Next let us gather some more details on the structure, functions, parameters of the photovoltaic materials.

Reading Assignment:

The PVEducation website is very good articulating many technical aspects of photovoltaic systems. Although we do not intend to study the PV physics here in detail, definitely bookmark this website as a useful resource.

Spend no more than 1 hour browsing through this website and self-learn or refresh the PV technology background.
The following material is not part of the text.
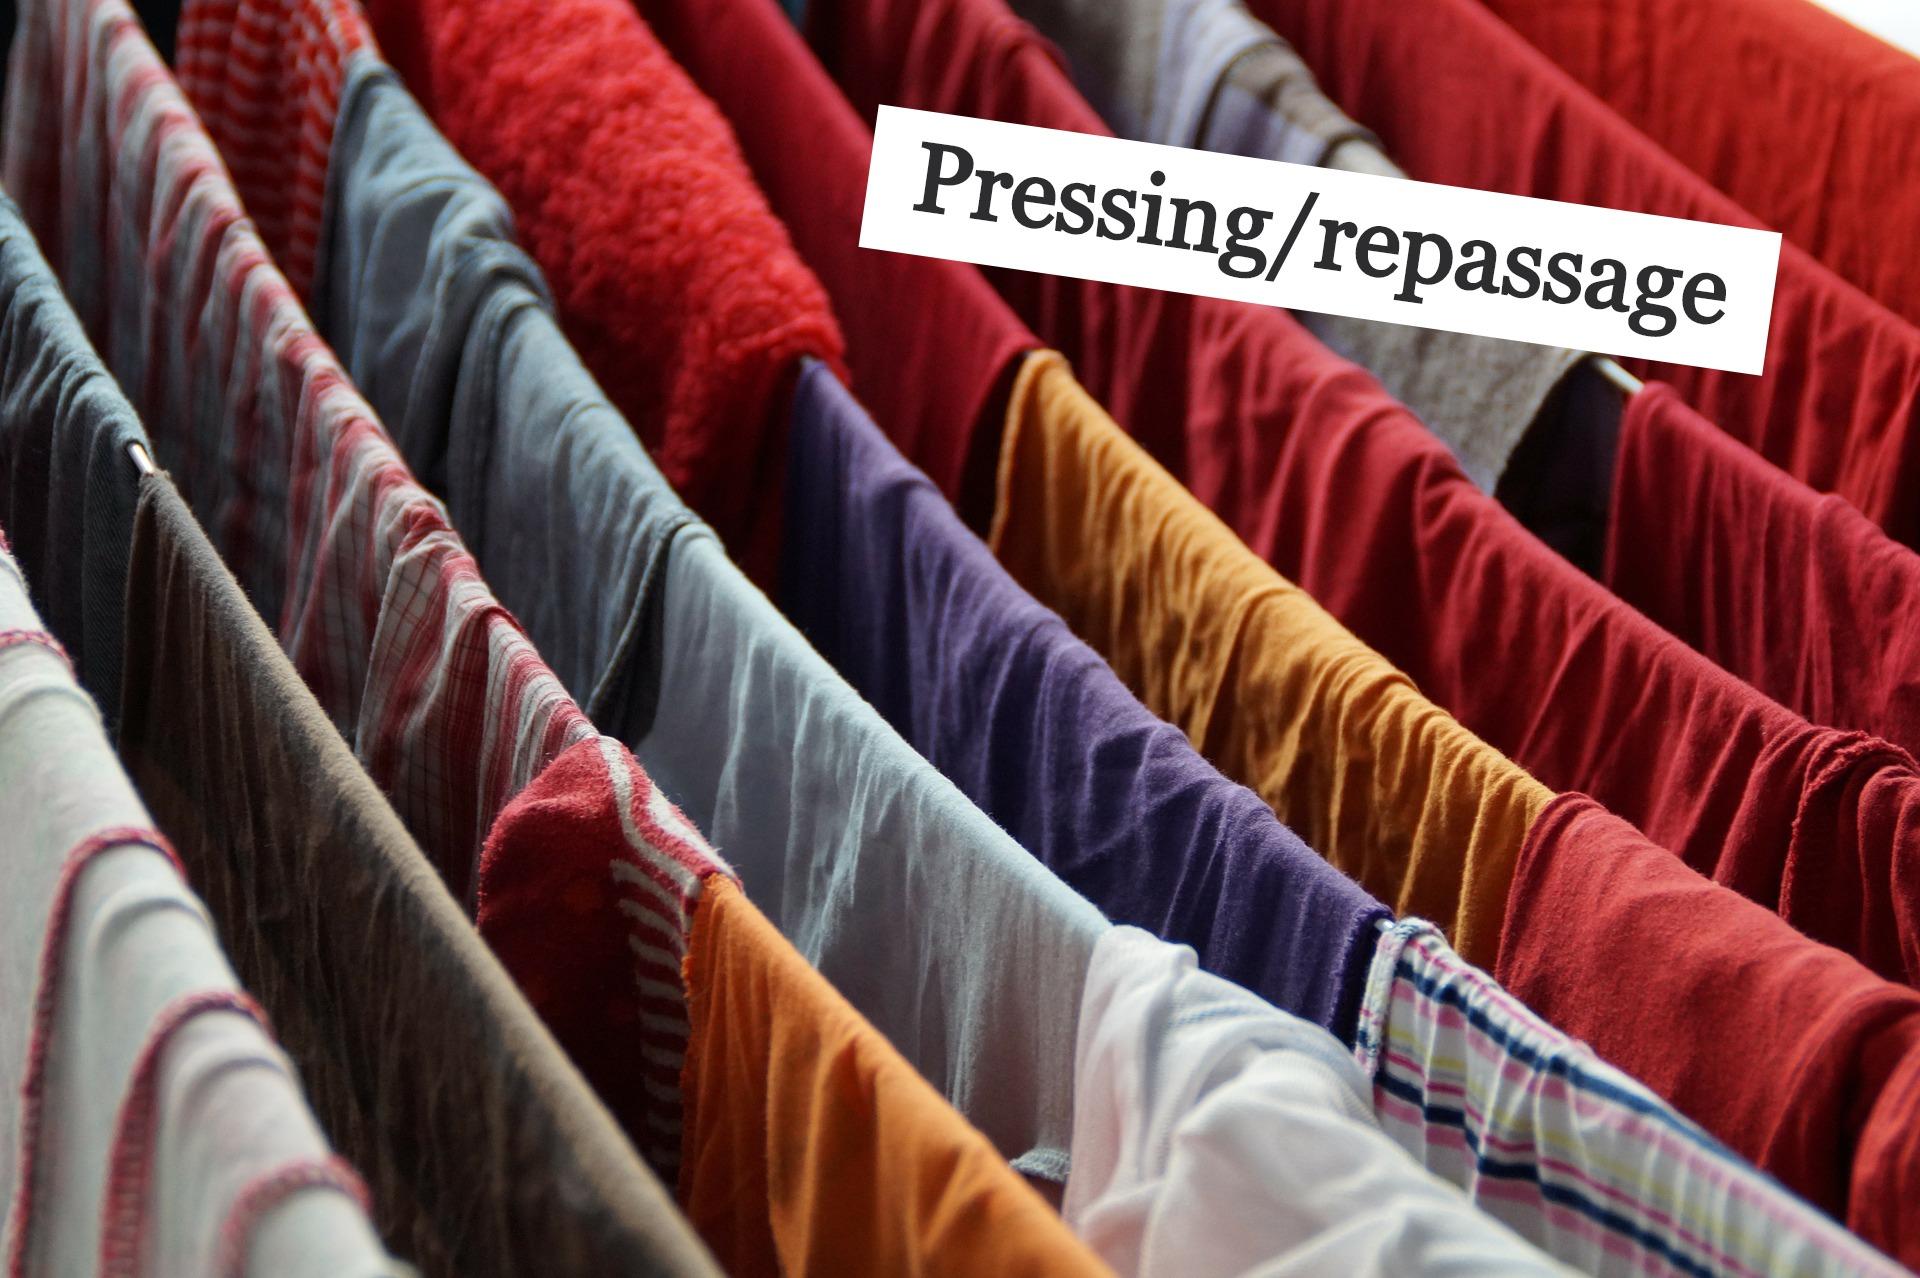 Pressing/repassage

PV Application in Buildings

Current applications of solar photovoltaics are adapted to the following scales:

  • Portable (small electronics - e.g., calculators, computers, etc.)
  • Distributed power generation (homes, isolated equipment)
  • Utility scale power (solar farms)

In the scale-up process, the single PV cells are combined to modules, and modules can be arranged into arrays:

Different scales of PV technology. 3 types, cells(small), modules(medium), arrays(large)
Figure 8.3. Different scales of PV technology.
Credit: OregonDOT / Jon Callas / USFWS Mountain-Prairie via Flickr

In this lesson, we choose one of the applications – the building integrated photovoltaics (BIPV) – for more detailed consideration as an interesting example of sustainable technology implementation.

The building integrated photovoltaics (BIPV) are multifunctional materials that are both structure-supporting and power-generating at the same time. There are some advantages and challenges associated with this technology, which are summarized in table below:

Table 8.1. Advantages and challenges of building integrated photovoltaics
Advantages Challenges
Lower cost due to multi-functional nature of materials and due to more efficient design. Currently, PV contributes 0.5% to national energy demand; DOE expects it to reach 50% (!) with BIPV implemented. System orientation, weatherability, durability are the factors that affect the system performance. Those parameters may be not easy to optimize if it is BIPV rather that add-on PV
Improved aesthetics: panels are produced as facade lining, roof tiles, slates, shingles, windows (glazing, etc.). BIPV modules can be heavier than regular building elements. Because of potential overload, new building standards and codes need to be in places to regulate this integration.
Thin-film PV can be applied directly to conventional building materials because the flexible and light. BIPV modules are costly compared to regular add-on PV due to their multifunctional value, but that is not always recognized. BIPV is not mass-produced, but rather custom made, and that adds to the price.
Social acceptance: not many see long-term value because PV technology is thought to be soon outdated. There should be more acceptance from contractors and end-users alike.
example of a building facade
Building façade with integrated photovoltaic panels.
Credit: Payton Chung via Flickr

While the main function of a conventional PV system is efficient power generation, the building integrated PV systems, which become the components of the building envelope must satisfy a number of additional requirements, such as:

  • Appearance: color, image, size
  • Weather-tightness
  • Wind loading
  • Durability and maintenance
  • Safety during construction and in use (fire, electrical, structure stability)
  • Cost

Reading Assignment:

Building Integrated Photovoltaics: An Emerging Market, Solar Server – Global Solar Industry Website, 4/1/2014.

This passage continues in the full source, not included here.